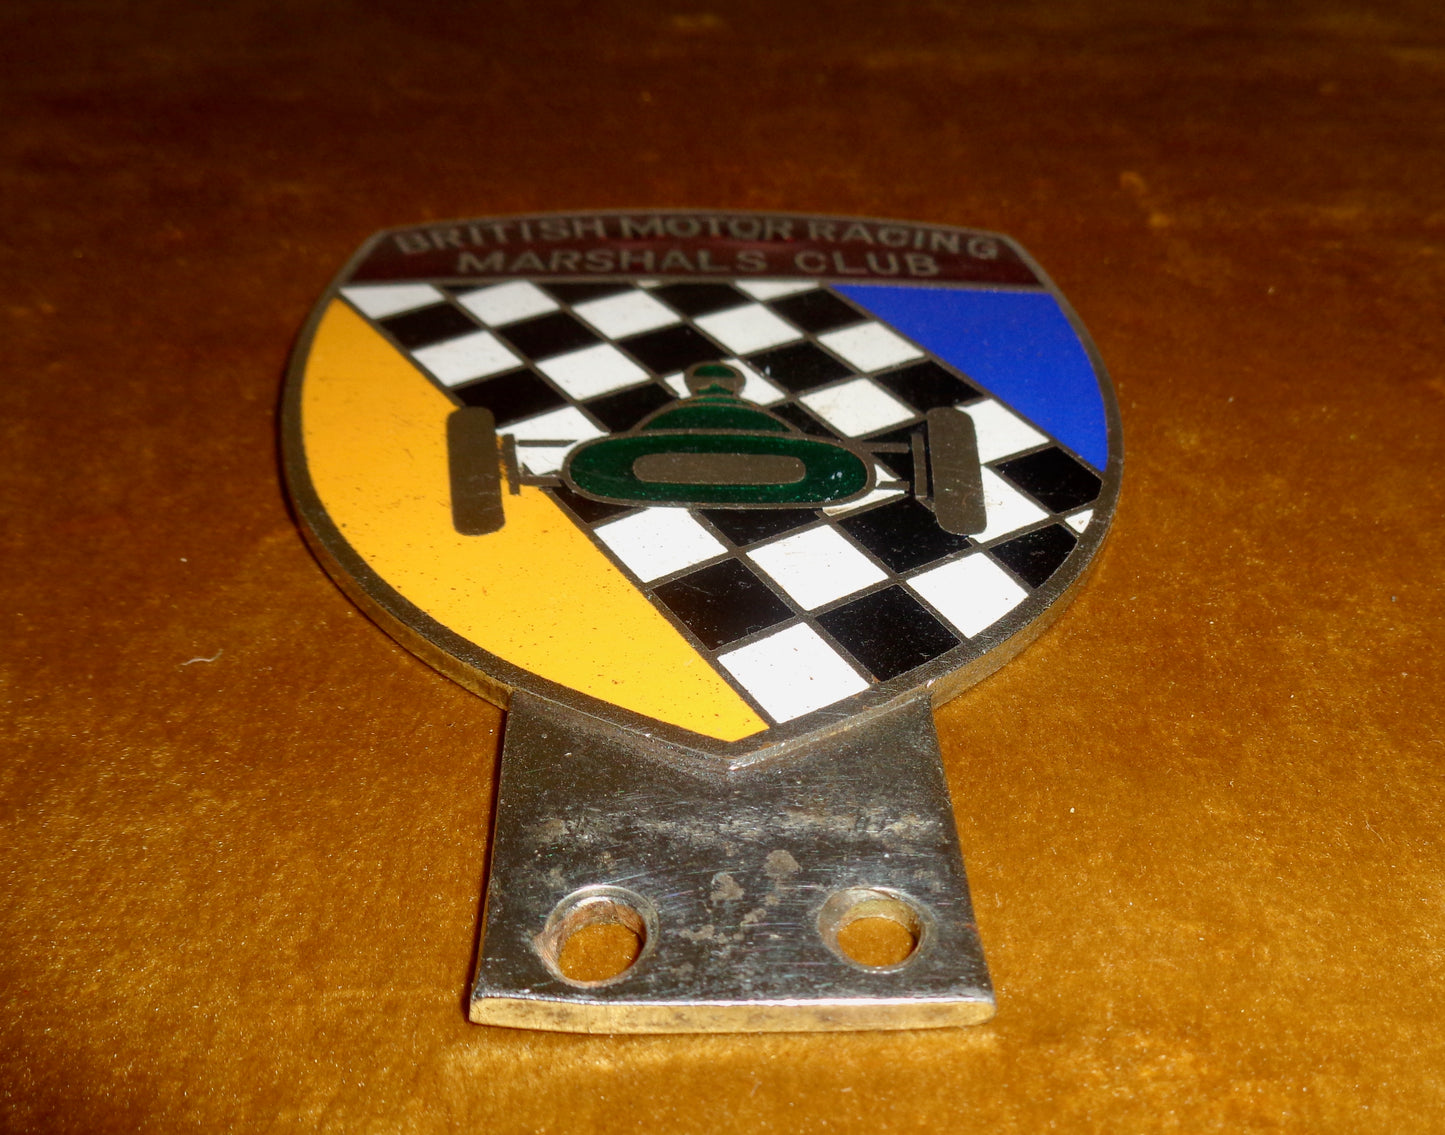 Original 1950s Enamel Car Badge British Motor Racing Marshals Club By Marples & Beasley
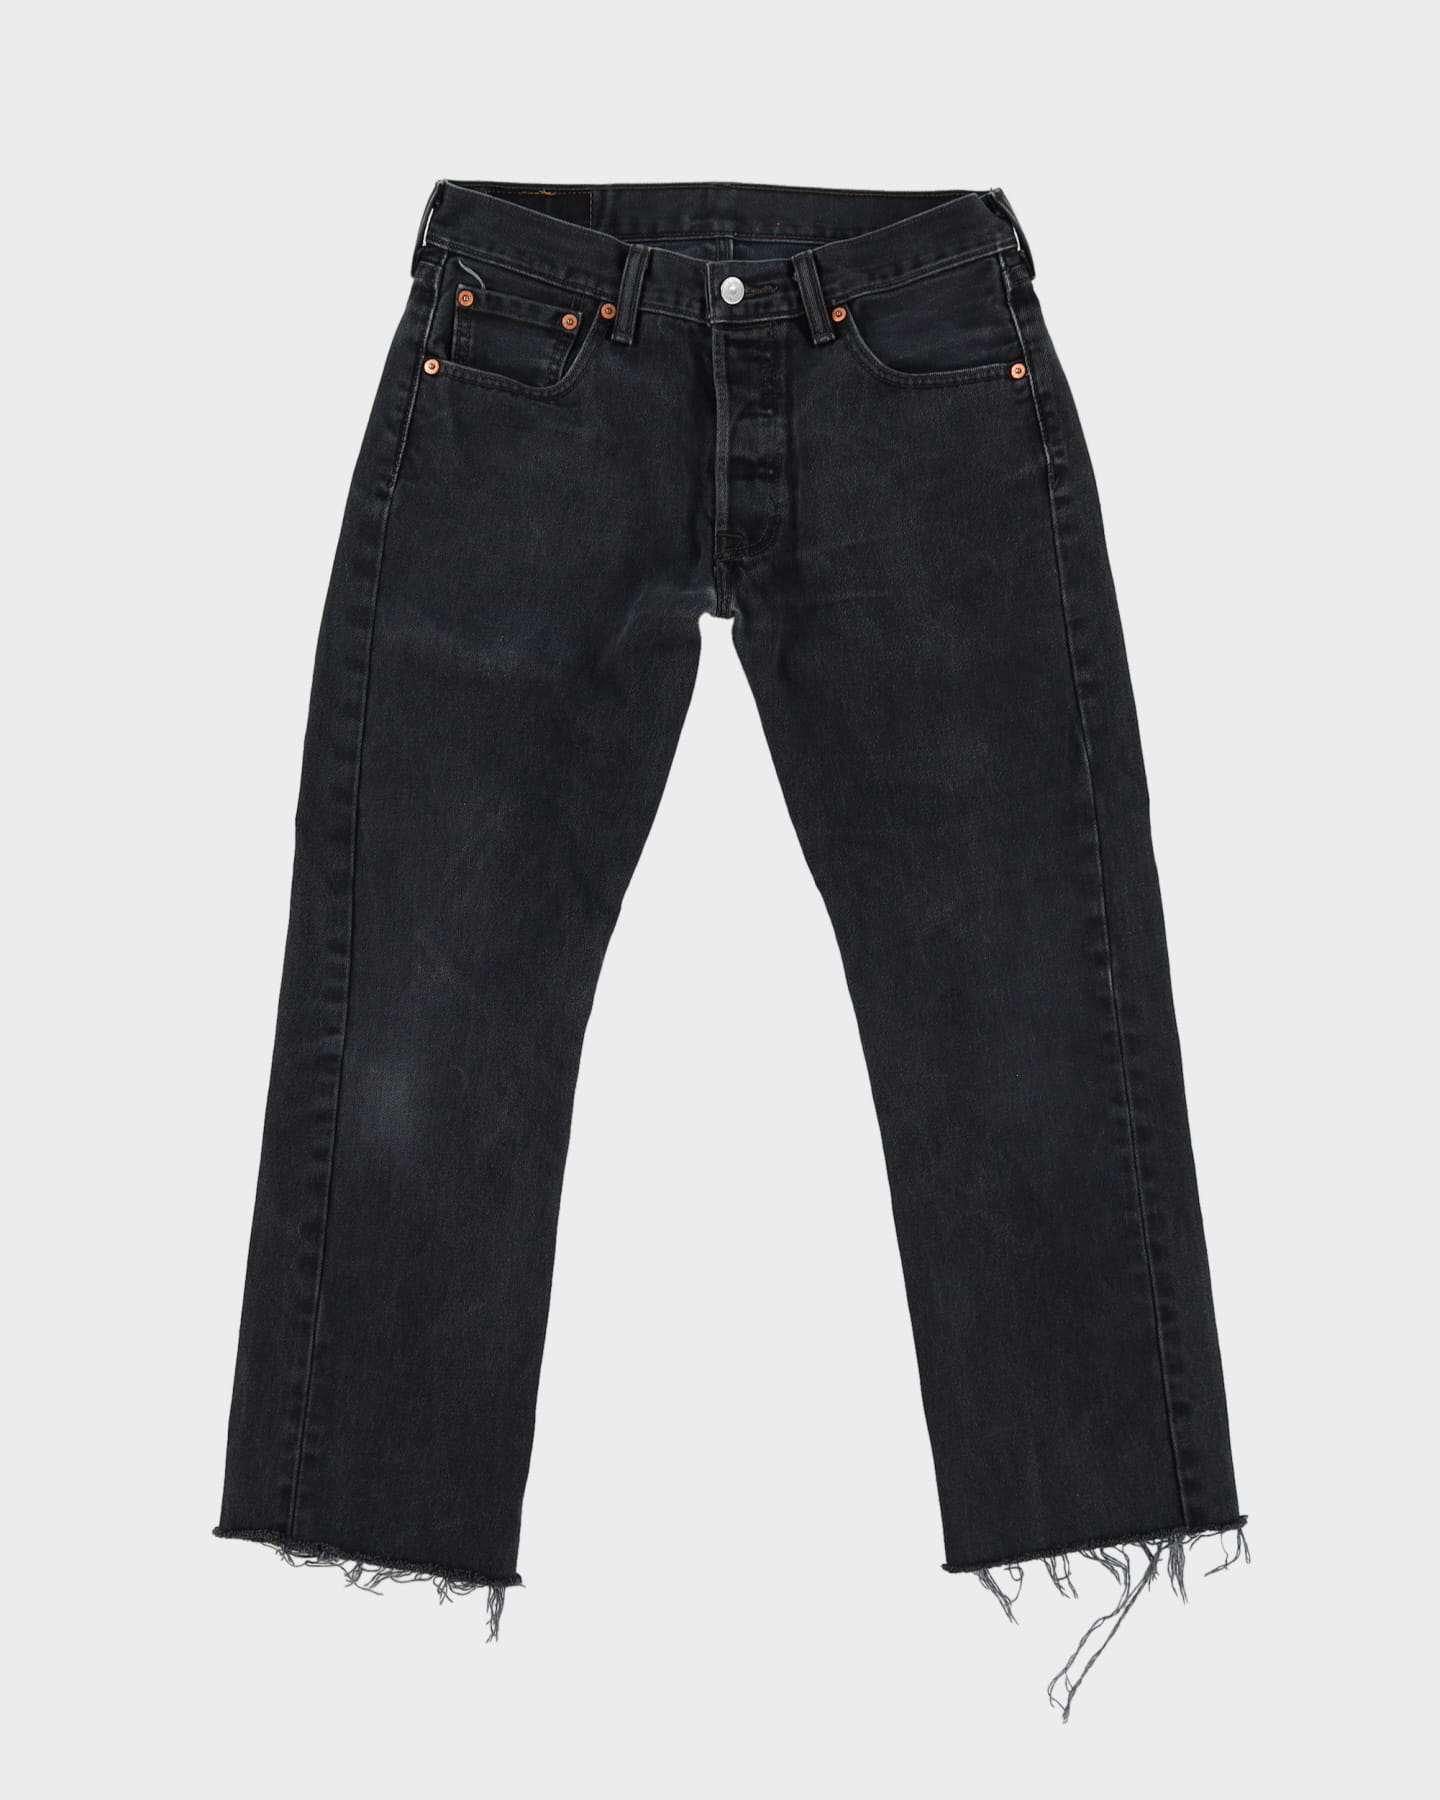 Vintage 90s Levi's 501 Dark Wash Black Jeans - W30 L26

==

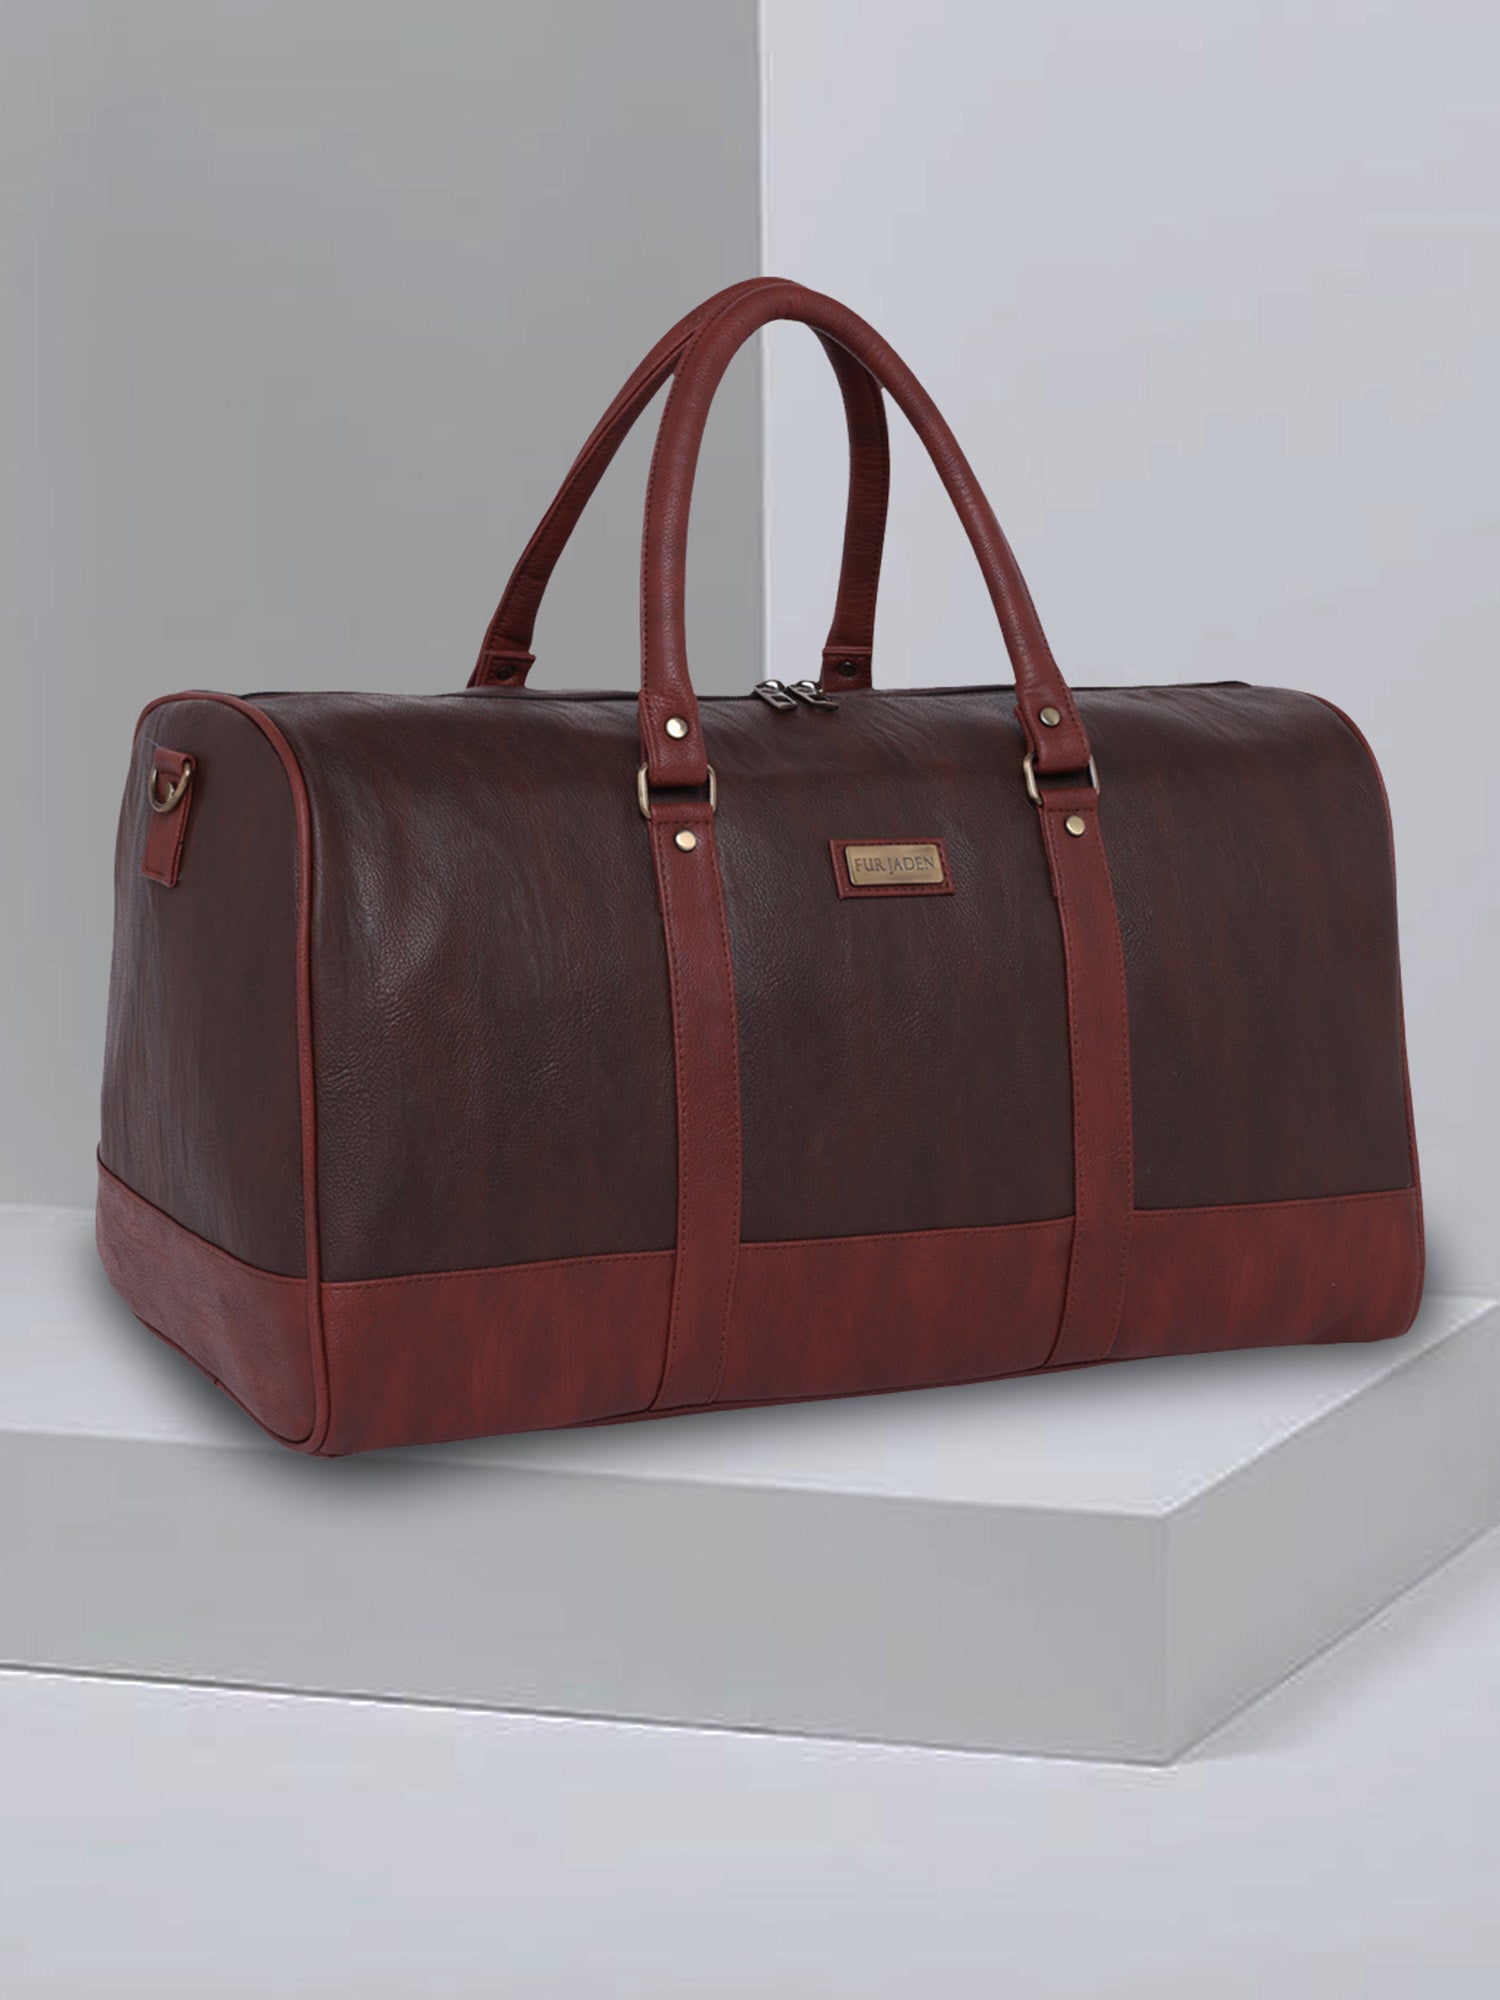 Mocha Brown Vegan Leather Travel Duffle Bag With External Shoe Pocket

Work instructions —
From the data above, return exactly the lines from the one with "Original 1950s Enamel" up to and including the one with "Vintage 90s Levi's". Pictures do not go in the copy.

Output —
 Original 1950s Enamel Car Badge British Motor Racing Marshals Club By Marples & Beasley
 Vintage 90s Levi's 501 Dark Wash Black Jeans - W30 L26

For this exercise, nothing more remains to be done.